Hi A.. I've been a foster parent for 10 years so I've seen the exact behaviors you are describing. His acting out when he goes back to his grandparents is not necessarily a bad thing. That indicates he is very well bonded to them and he trusts them completely. This is a good thing. He has a safe place to let his emotions out. This will only help him in learning to deal with this transition. Because he is so bonded to him it proves he's capable of bonding and will learn to transition that extremely strong bond to you. The kids that don't care and show no emotions over changes like the one your son is going through are the kids that usually have severe emotional problems.
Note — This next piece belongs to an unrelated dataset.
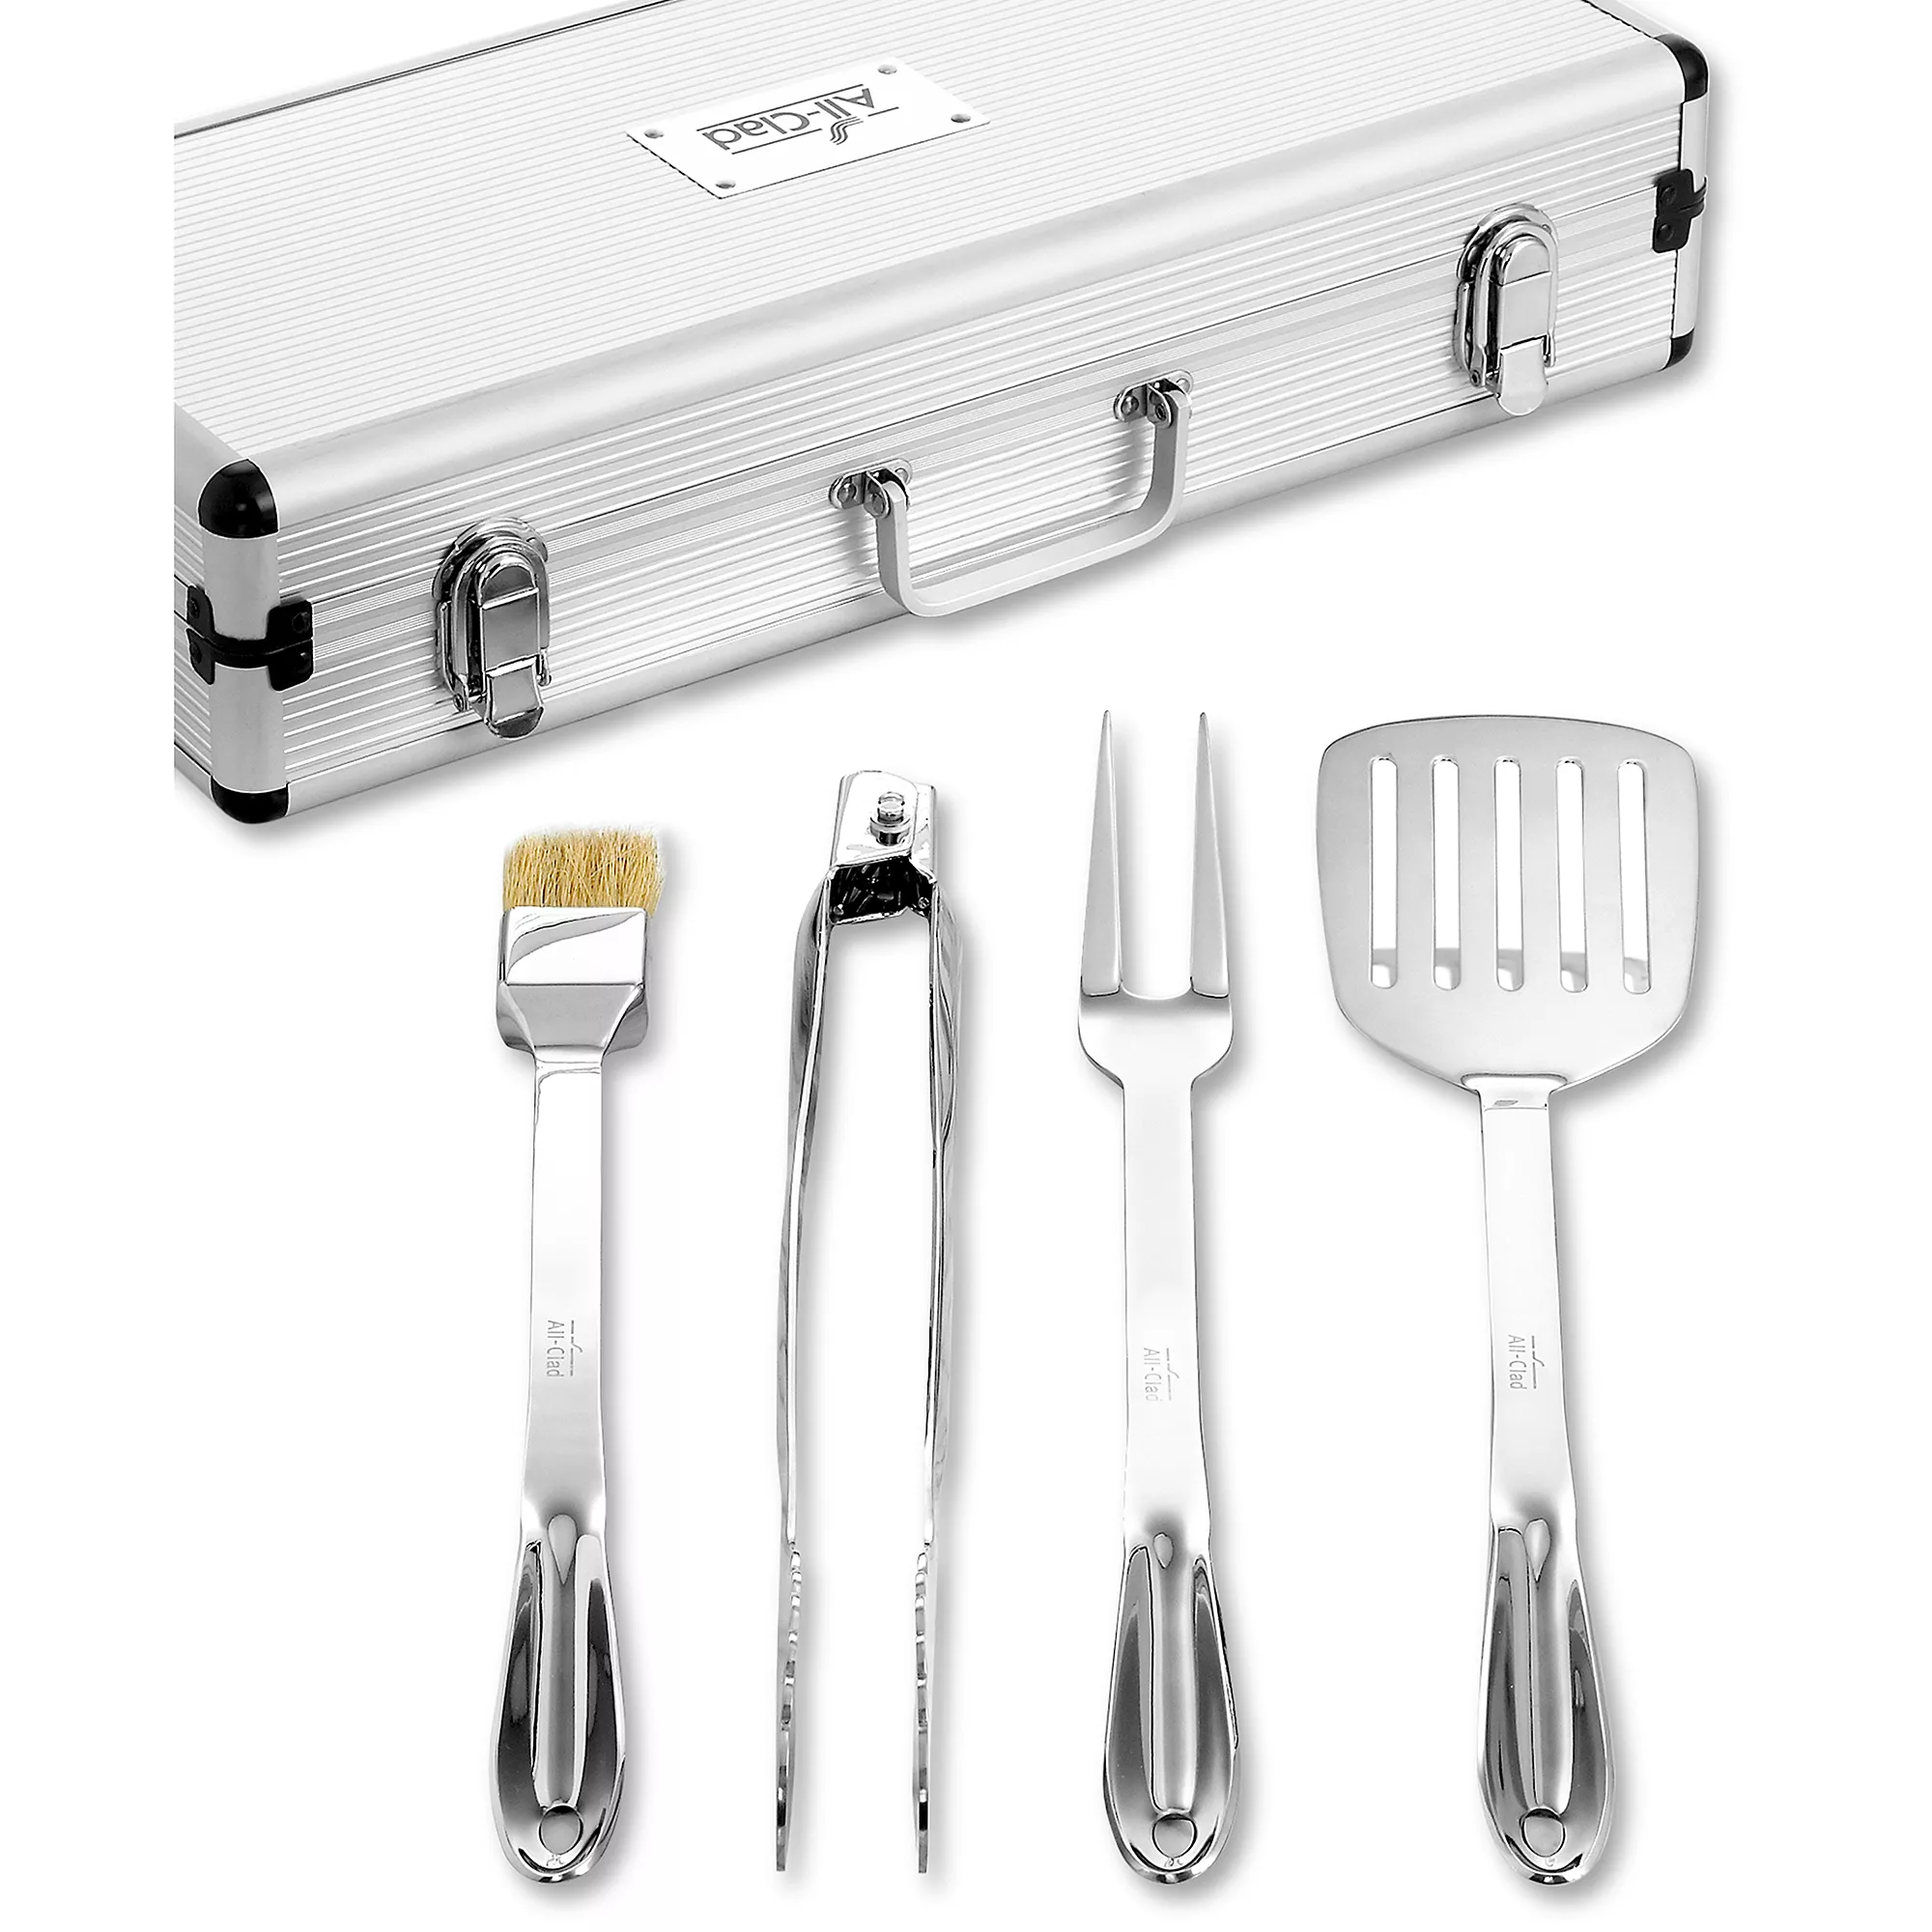 Bloomingdales - Save 25-40% on Kitchen and BBQ Tools

He is too young to verbalize his own emotions about this huge change in his life. 3 y.o. are just really starting to label emotions so to label and understand what's going on is just too much to ask. Something we always did with our younger kids was to say something like, "Gosh it seems like you always have a hard time when you come home from a visit with your mom. It must be really hard to leave her. That shows me you love her an awful lot. One thing I'm happy about is that you feel safe here to let out how you feel. Anytime you are sad or confused we can always find a way to help you." He is also at an age where he can see how most families are and is probably realizing his family is different. He wont' be able to understand why right now. It may be good idea to get a picture book about different types of families so that he can see that he has a great family with lots of people that love him enough to want to raise him.

Kids that aren't living with their biological parents can also feel like they have betrayed that parent because they care about someone else (their current caregiver). So his acting out could be his way of proving to you that he really loves you. That's why reasurring his love for you and his feelings of loving the grandparents is such an important part to his moving on. Over the years we found the kids that had visits with parents that were supportive of us had less problems with the transition than those that talked bad about us. The supportive parents would tell them they were being well taken care of and that it seemed like we really loved them (which we did). The ones that said things about us not being any good or not caring about them were the kids that struggled the most.

The crying and clinginess at daycare doesn't suprise me at all. The people he trusts most in the world (you and his grandparents) are not with him during this time and he is going through a major life transition. We sent our kids to school/daycare with laminated pictures of whatever meant the most to them. I hope this helps.